Being able to weigh an intelligence report is becoming as vital a skill as driving a car. The object is the same: staying in one piece in a dangerous world. Easier said than done. The snippets being fed to us make us feel dumb, and distrustful.

Our intelligence system is designed to parcel out secrets to senior officials, not shovel unclassified information to citizens.

Intelligence has as much to do with the user as it does the target. To deliver meaningful, credible judgments, an analyst must know the decisionmaking needs of the user as intimately as she or he understands the target. The corps of professionals spread across intelligence agencies specializes in making raw facts meaningful for a particular group of client officials. Military intelligence feeds generals, various political intelligence units feed policy officials, and so on. Even the gathering of information - the "dots" collected by satellites and spies and computers - is shaped by the customer's needs.
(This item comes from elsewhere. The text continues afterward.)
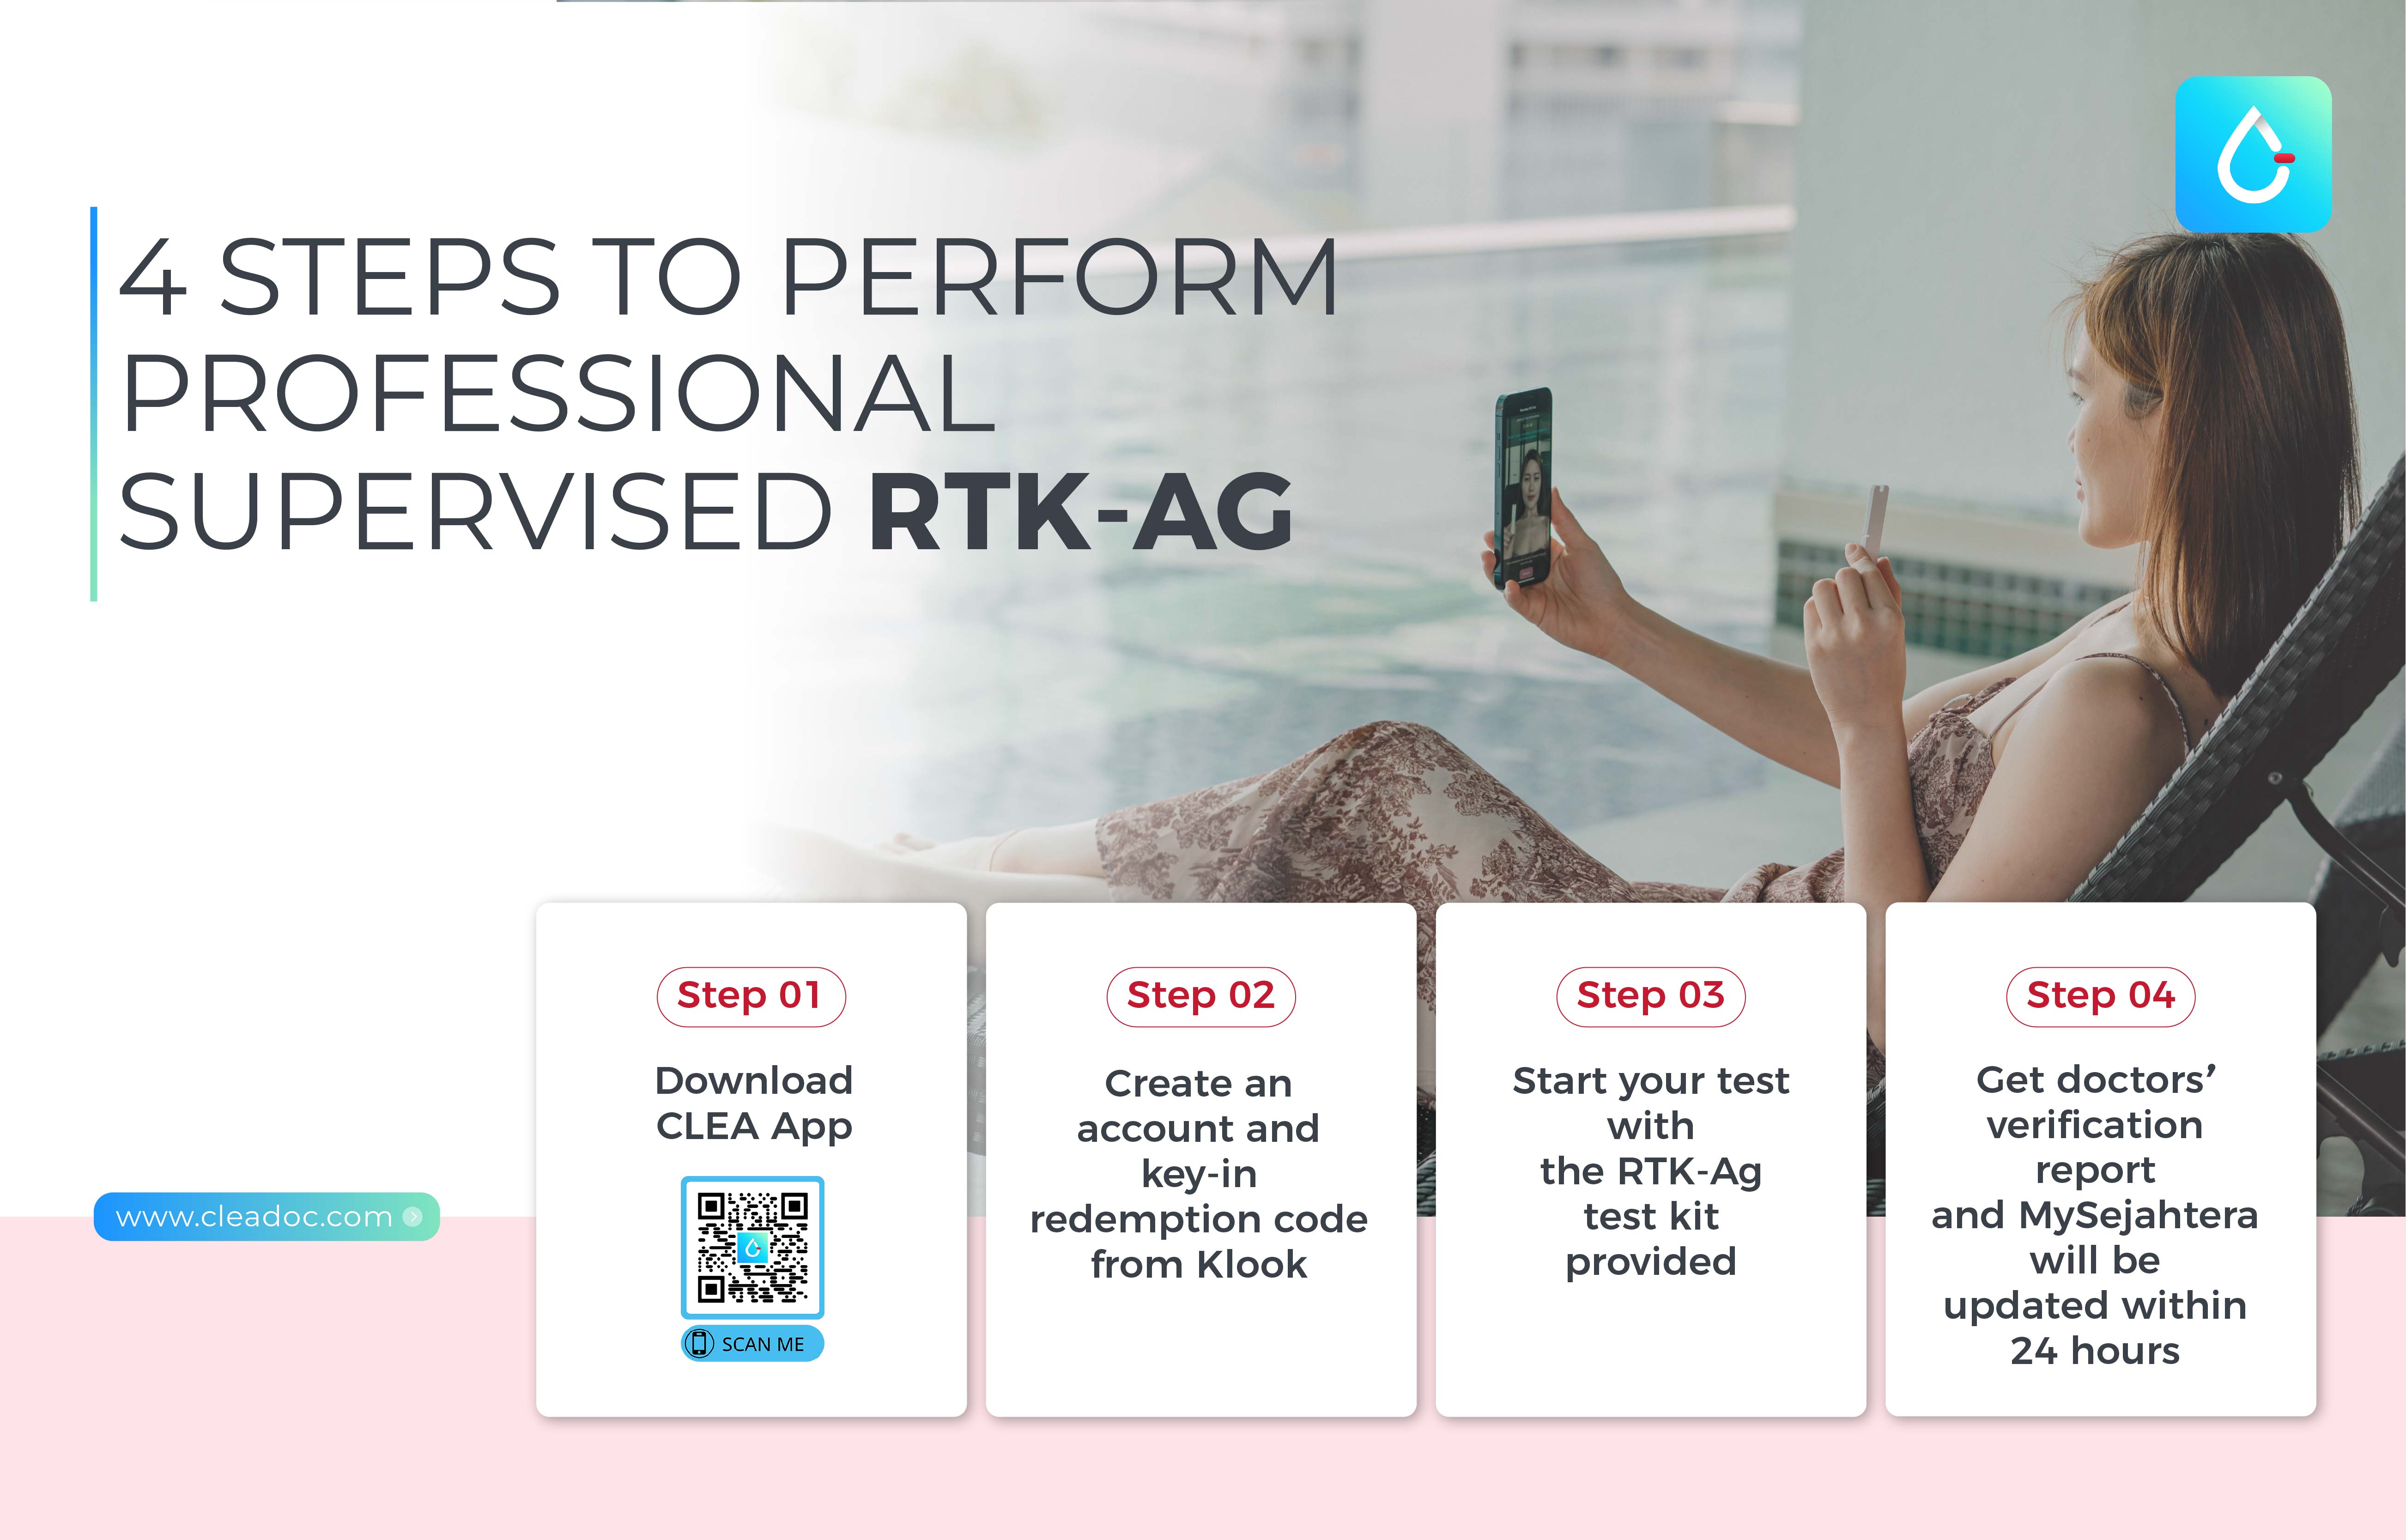 Where to buy rtk test kit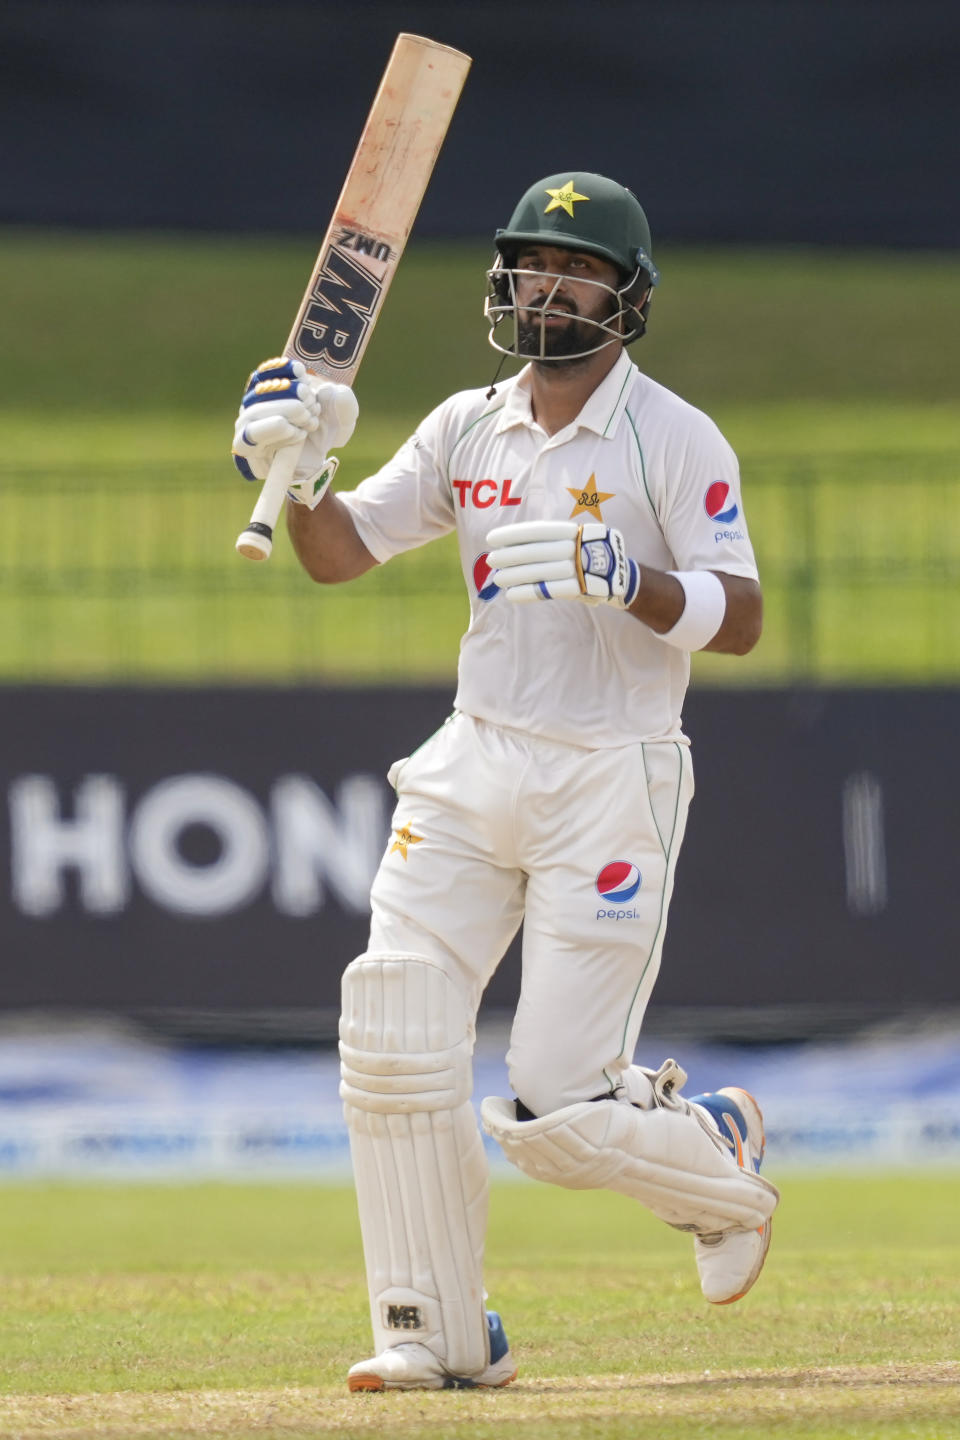 Pakistan's Abdullah Shafique celebrates scoring a century during the third day of the second cricket test match between Sri Lanka and Pakistan in Colombo, Sri Lanka on Wednesday, Jul. 26. (AP Photo/Eranga Jayawardena)

At present, no group specializes in serving the public. Intelligence serves national security, not personal security. Sept. 11 changed that - we're all on the front lines now. For us citizen-clients, learning that we'll need to pay for a better fighter plane in the next decade is less urgent than knowing if it's safe to hold the family reunion next Sunday. A photo of an Iraqi missile launcher may help a pilot drop a bomb; it doesn't help us decide if we want our troops committed to years of rebuilding in Iraq.

Of course, the top officials being served by the intelligence community are talking to us. But as we've learned in the long run-up to the war in Iraq, speeches by the secretaries of state and defense, the national security adviser, and the president often seem intended more to persuade than inform. Enter distrust when some detail or other turns out - as intelligence data often do - to be ambiguous or dated or inaccurate.

Another complication: manipulation. This is the age of (distorted) information. People take on different personalities in e-mails, politicians "spin," governments deliberately mislead with official - but often covert - propaganda campaigns. Those threatening us are also expert in these arts. We could use some help navigating in this thick info smog.

Could our secret intelligence system deliver commonsense intelligence to the public? Yes. Notwithstanding all the finger-pointing about who didn't connect which dots before Sept. 11, we can count on the professionals at the center of the intelligence processes. It has been my experience that the dedicated analysts who pull "all source" data together and translate it into finished intel do their level best to deliver balanced estimates. We need a way for those professionals to connect to us, their public clients, without blowing the cover on the highly classified and expensive collection processes at work in the background.

In recent years, the intelligence community has put emphasis on expanding its reach among officials. To protect this flood of high-quality, highly classified material, offices all over government have been turned into SCIFs (Special Compartmented Intelligence Facilities). It's now time for a SPIF, a Special Public Intelligence Facility, to package intelligence directly and independently for the public.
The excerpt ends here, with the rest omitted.